From the output above, it can be seen that:

The two models have exactly the samed

**adjusted R2**(0.67), meaning that they are equivalent in explaining the outcome, here fertility score. Additionally, they have the same amount of**residual standard error**(RSE or sigma = 7.17). However, the model 2 is more simple than model 1 because it incorporates less variables. All things equal, the simple model is always better in statistics.The AIC and the BIC of the model 2 are lower than those of the model1. In model comparison strategies, the model with the lowest AIC and BIC score is preferred.

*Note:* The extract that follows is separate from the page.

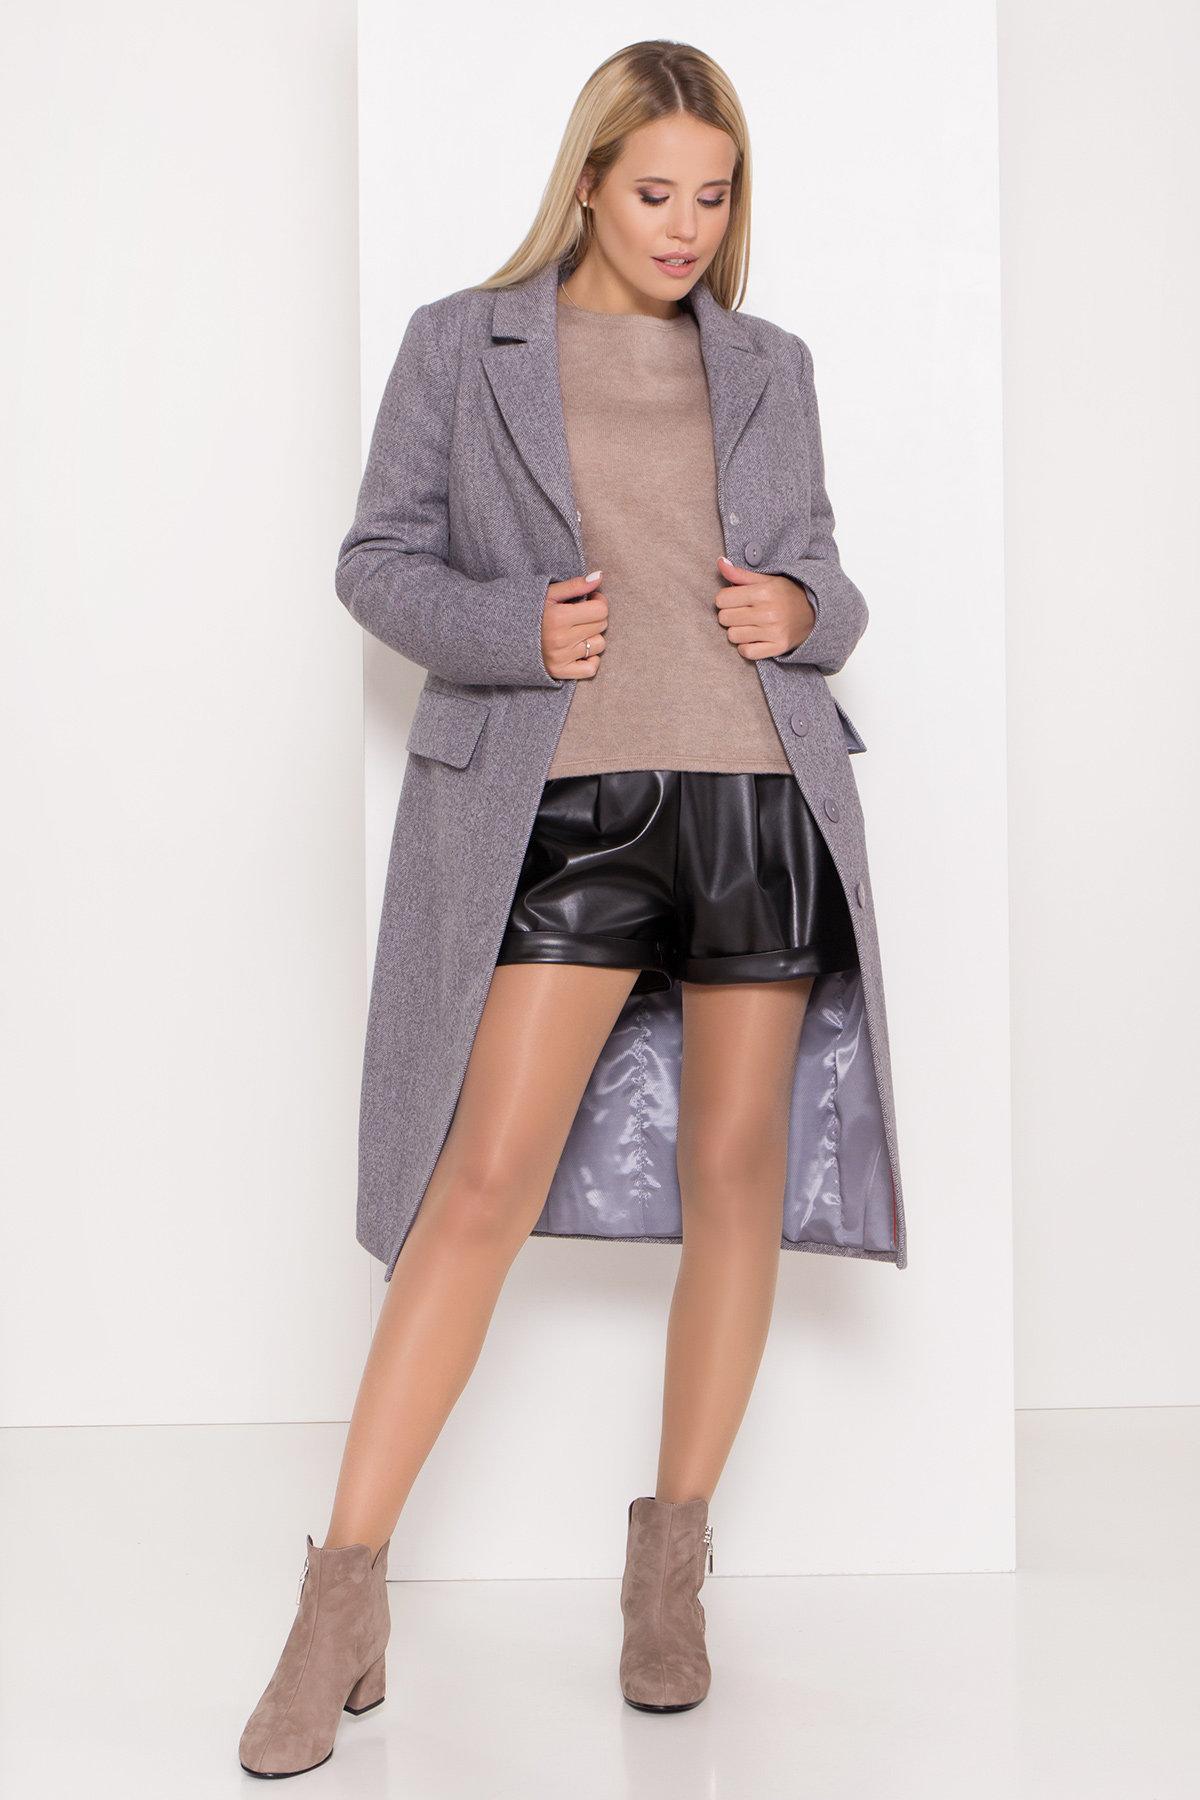 Полуприталенное зимнее пальто с отложным воротником Лабио 8182 АРТ. 44189 Цвет: Серый 2 - фото 2, интернет магазин tm-modus.ru

Finally, the F-statistic p.value of the model 2 is lower than the one of the model 1. This means that the model 2 is statistically more significant compared to model 1, which is consistent to the above conclusion.

Note that, the RMSE and the RSE are measured in the same scale as the outcome variable. Dividing the RSE by the average value of the outcome variable will give you the prediction error rate, which should be as small as possible:

`sigma(model1)/mean(swiss$Fertility)`

`## [1] 0.102`

In our example the average prediction error rate is 10%.

## Discussion

This chapter describes several metrics for assessing the overall performance of a regression model.

The most important metrics are the Adjusted R-square, RMSE, AIC and the BIC. These metrics are also used as the basis of model comparison and optimal model selection.

Note that, these regression metrics are all internal measures, that is they have been computed on the same data that was used to build the regression model. They tell you how well the model fits to the data in hand, called training data set.

In general, we do not really care how well the method works on the training data. Rather, we are interested in the accuracy of the predictions that we obtain when we apply our method to previously unseen test data.

However, the test data is not always available making the test error very difficult to estimate. In this situation, methods such as **cross-validation** (Chapter @ref(cross-validation)) and **bootstrap** (Chapter @ref(bootstrap-resampling)) are applied for estimating the test error (or the prediction error rate) using training data.